Monday, February 9, 2009

In The Beginning God Created . . . And Wherever He Went, He Healed.

A Reading from the Book of Genesis
Chapter I

1 In the beginning God created the heaven and the earth. 2 Now the earth was unformed and void, and darkness was upon the face of the deep; and the spirit of God hovered over the face of the waters. 3 And God said: 'Let there be light.' And there was light. 4 And God saw the light and it was good; and God divided the light from the darkness. 5 And God called the light Day, and the darkness He called Night. And there was evening and there was morning, one day.

6 And God said: 'Let there be a firmament in the midst of the waters, and let it divide the waters from the waters.' 7 And God made the firmament, and divided the waters which were under the firmament from the waters which were above the firmament; and it was so. 8 And God called the firmament Heaven. And there was evening and there was morning, a second day.

9 And God said: 'Let the waters under the heaven be gathered together unto one place, and let the dry land appear.' And it was so. 10 And God called the dry land Earth, and the gathering together of the waters called He Seas; and God saw that it was good. 11 And God said: 'Let the earth put forth grass, herb yielding seed, and fruit-tree bearing fruit after its kind, wherein is the seed thereof, upon the earth.' And it was so. 12 And the earth brought forth grass, herb yielding seed after its kind, and tree bearing fruit, wherein is the seed thereof, after its kind; and God saw that it was good. 13 And there was evening and there was morning, a third day.

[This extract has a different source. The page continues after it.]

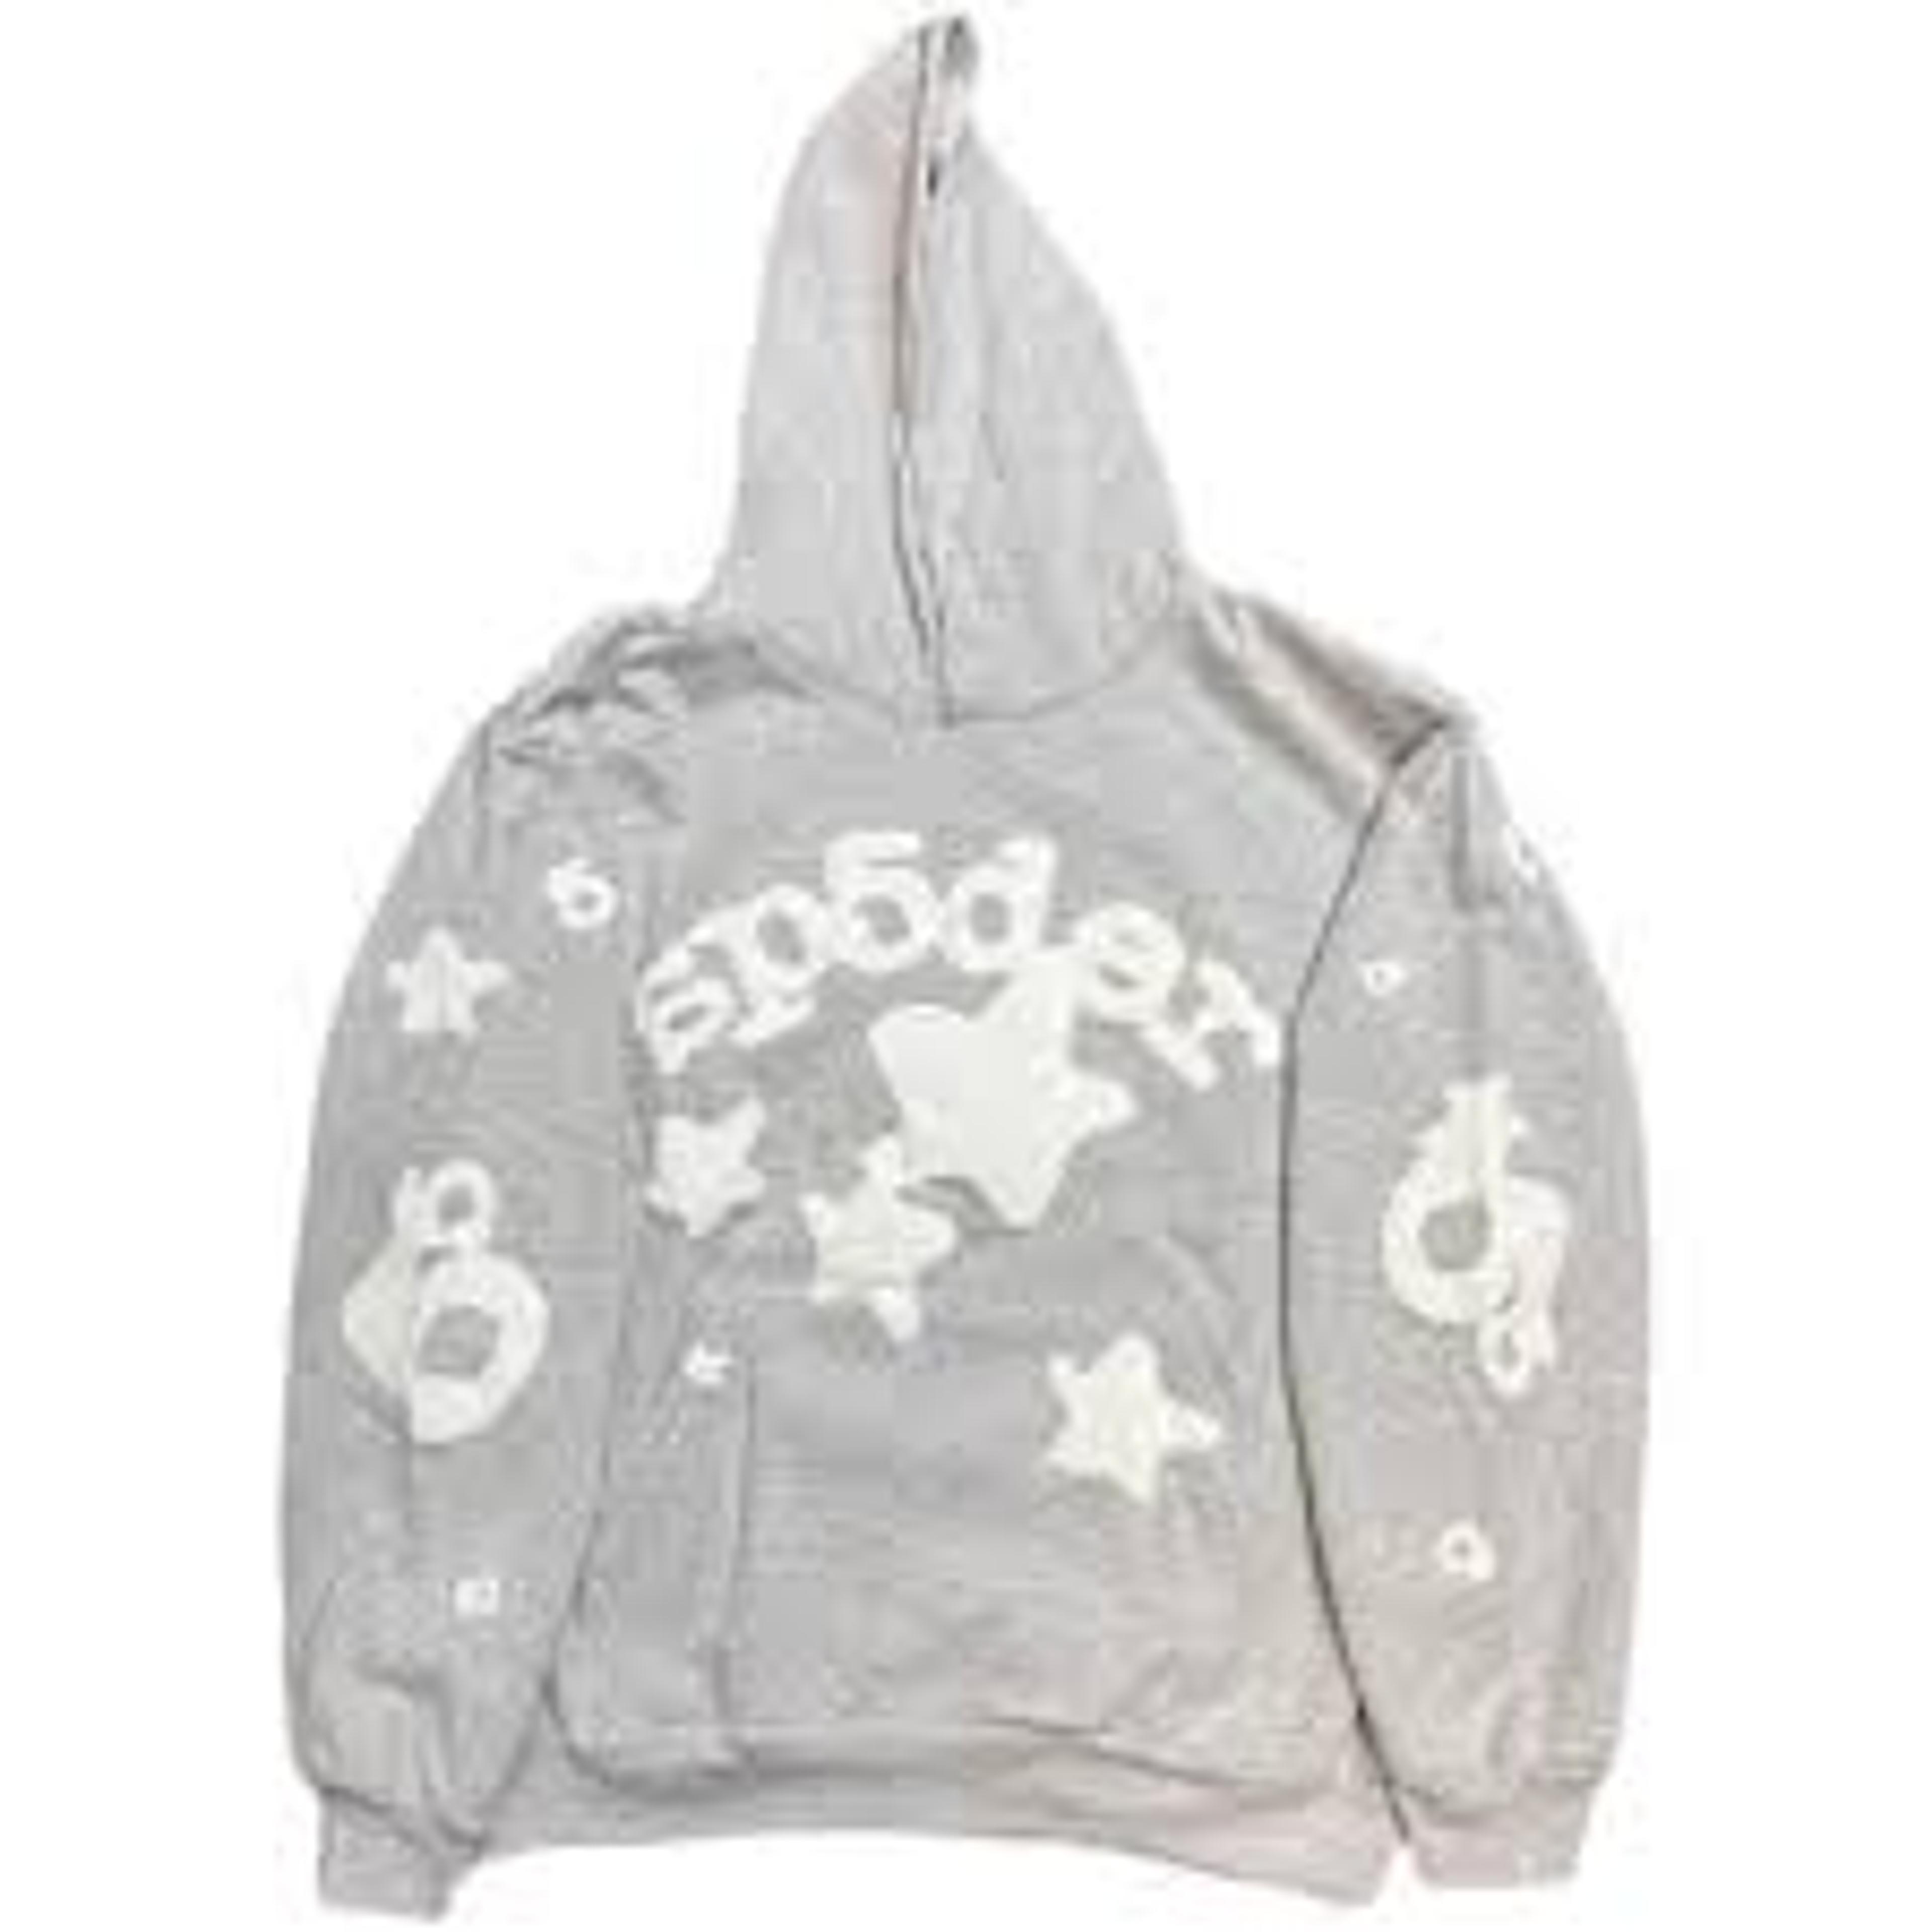 2023 Gray Spider grey zip up hoodie for Men and Women - Sp5der Web 555555 Design, Loose Fit, 1/1 White Pullover Pullovers

14 And God said: 'Let there be lights in the firmament of the heaven to divide the day from the night; and let them be for signs, and for seasons, and for days and years; 15 and let them be for lights in the firmament of the heaven to give light upon the earth.' And it was so. 16 And God made the two great lights: the greater light to rule the day, and the lesser light to rule the night; and the stars. 17 And God set them in the firmament of the heaven to give light upon the earth, 18 and to rule over the day and over the night, and to divide the light from the darkness; and God saw that it was good. 19 And there was evening and there was morning, a fourth day.

Today’s First Reading is one of the most familiar in the entire Bible. I have chosen today not to paraphrase it, but to present it in full, in the translation at , the Mamre Institute in Jerusalem. It is, of course, a mythical account, in both proper sense of that word, a story told to illustrate a truth that goes beyond understanding, and a story of an event to which there are no eye-witnesses. Even understanding that its meaning is metaphorical rather than historical, it is a majestic and poetic account of God’s dominion over the created universe.

A reading from the Holy Gospel according to Mark
Chapter 6

53When they had crossed over, Jesus and his disciples landed at Gennesaret and anchored there. 54As soon as they got out of the boat, people recognized Jesus. 55They ran throughout that whole region and carried the sick on mats to wherever they heard he was. 56And wherever he went—into villages, towns or countryside—they placed the sick in the marketplaces. They begged him to let them touch even the edge of his cloak, and all who touched him were healed.

Wherever Jesus went, people would gather around him. They would sit for hours on end on the hillside overlooking the Sea of Galilee (also known as Lake Gennesaret). They would bring the halt and the lame, the sick, both of body and of spirit, and he would heal them.

From some perspectives, it might seem that the story in Mark’s gospel of Jesus healing the sick is far removed from the poetic depiction of the creation of the universe in Genesis. Then again, the two accounts are more closely related than we might perceive at first glance. In Genesis, God makes the heavens and the earth, and all that is in them. God creates life, and sustains his creatures in life. In Mark, we see Jesus revealing God’s love for his people as he goes about bringing health to those who are sick, and even those who touched the fringes of his cloak were cured. This is the wondrous mystery at the heart of Christianity: Why did God create the universe and all that is in it? Why did God choose to take on human form and human flesh in the Incarnation? The answer is given to us by Saint Augustine: God created us, and the universe in which we live, for the purpose of redeeming us.